Guillaume Ptak est journaliste indépendant, diplômé de l’Institut de Journalisme Bordeaux-Aquitaine (IJBA). Installé à Kyiv depuis septembre 2021, il couvre aujourd’hui la guerre opposant l’Ukraine à la Russie.
Podcastine lui ouvre ses colonnes pour accueillir son carnet de bord. Il y racontera régulièrement son quotidien de reporter.
Odessa (06/03)
Ce dimanche à 10 heures, nous sommes arrivés à la gare d’Odessa après un voyage en train de plus de douze heures. Un long trajet, rendu plus difficile encore par mon extinction de voix. Arrivés à Odessa, la grisaille de Lviv a laissé place à un soleil radieux. Pourtant, un sentiment d’irréalité imprègne la ville. Ou bien est-ce juste moi ? L’impression diffuse mais tenace que quelque chose s’est irrémédiablement brisé.
Ses rues, autrefois si familières, me paraissent désormais étrangères. Les artères fleuries du centre-ville, parcourues à l’occasion d’une escapade romantique avec ma copine, sont hérissées de pièges anti-tanks. Des sacs de sable sont empilés devant les bâtiments de l’administration, tandis que des soldats armés de fusils-mitrailleurs font les cent pas. L’un d’eux aperçoit l’objectif d’Alexis. Il ameute un flic, l’air sévère, qui nous réclame nos papiers. En apercevant sur l’un de nos passeports un visa russe, il nous ordonne de le suivre au commissariat.
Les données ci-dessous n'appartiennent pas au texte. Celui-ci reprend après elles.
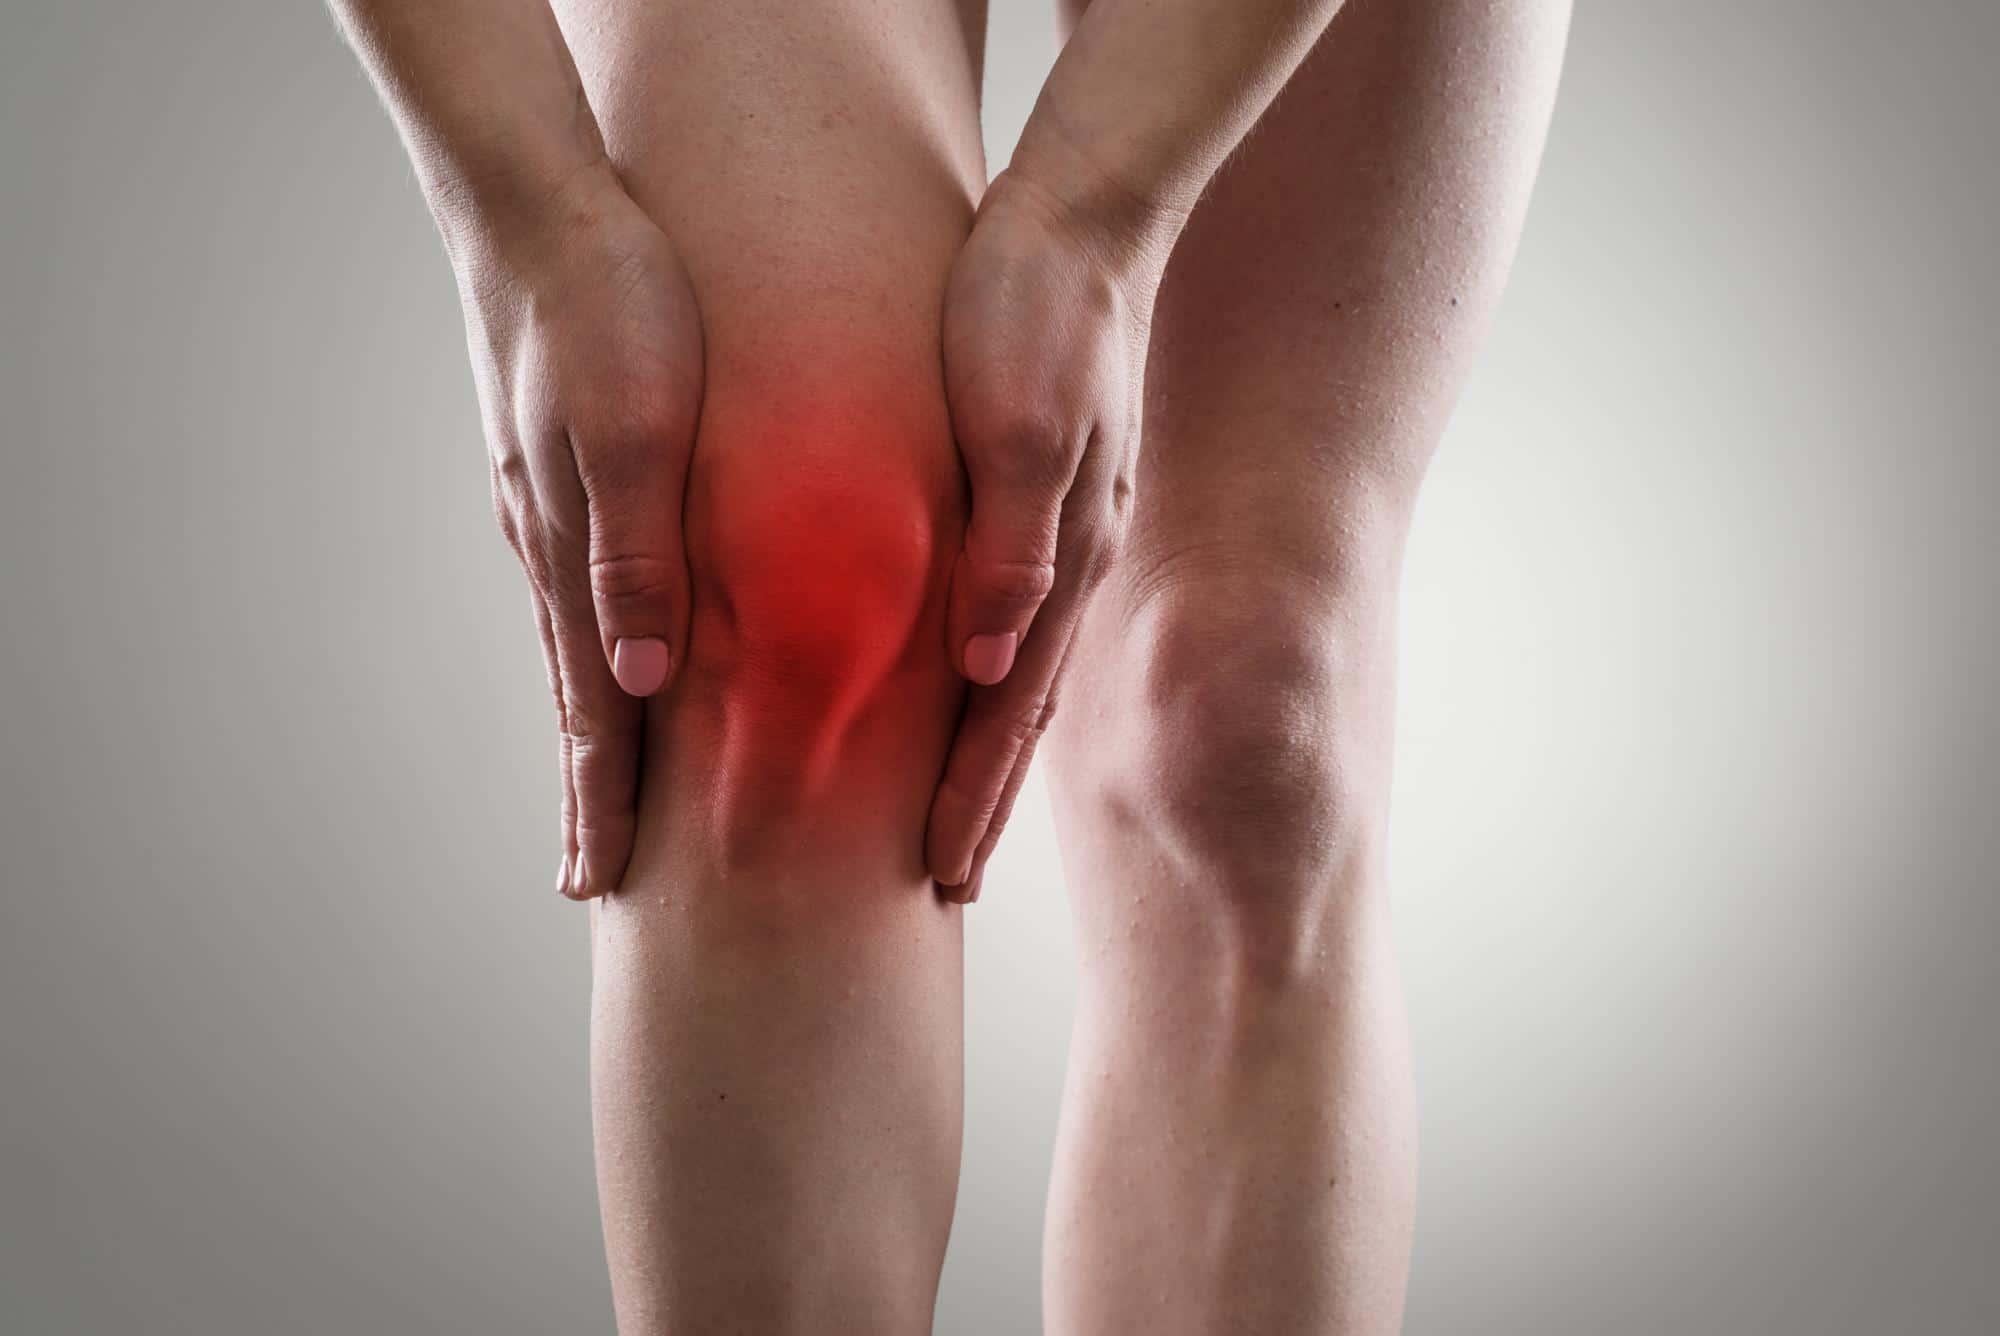 Que signifie l'expression jambes sans repos?

À peine arrivés, déjà embarqués. Beau début. Les policiers sont courtois, parfois blagueurs, mais semblent à cran. À l’intérieur, la lumière du soleil ne filtre plus à travers les sacs de sable. Des caisses de munition sont empilées dans une salle. Après avoir constaté que nous n’étions pas des espions russes (surprise!), ils nous relâchent. Nous rejoignons Luc, parti en reportage, et Jérôme, un volontaire français venu apporter de l’aide aux Ukrainiens. Il craint un potentiel assaut amphibie. À peine arrivé, lui repart vers l’ouest de l’Ukraine. Au terme de cette longue journée, nous décidons de nous replier vers l’hôtel.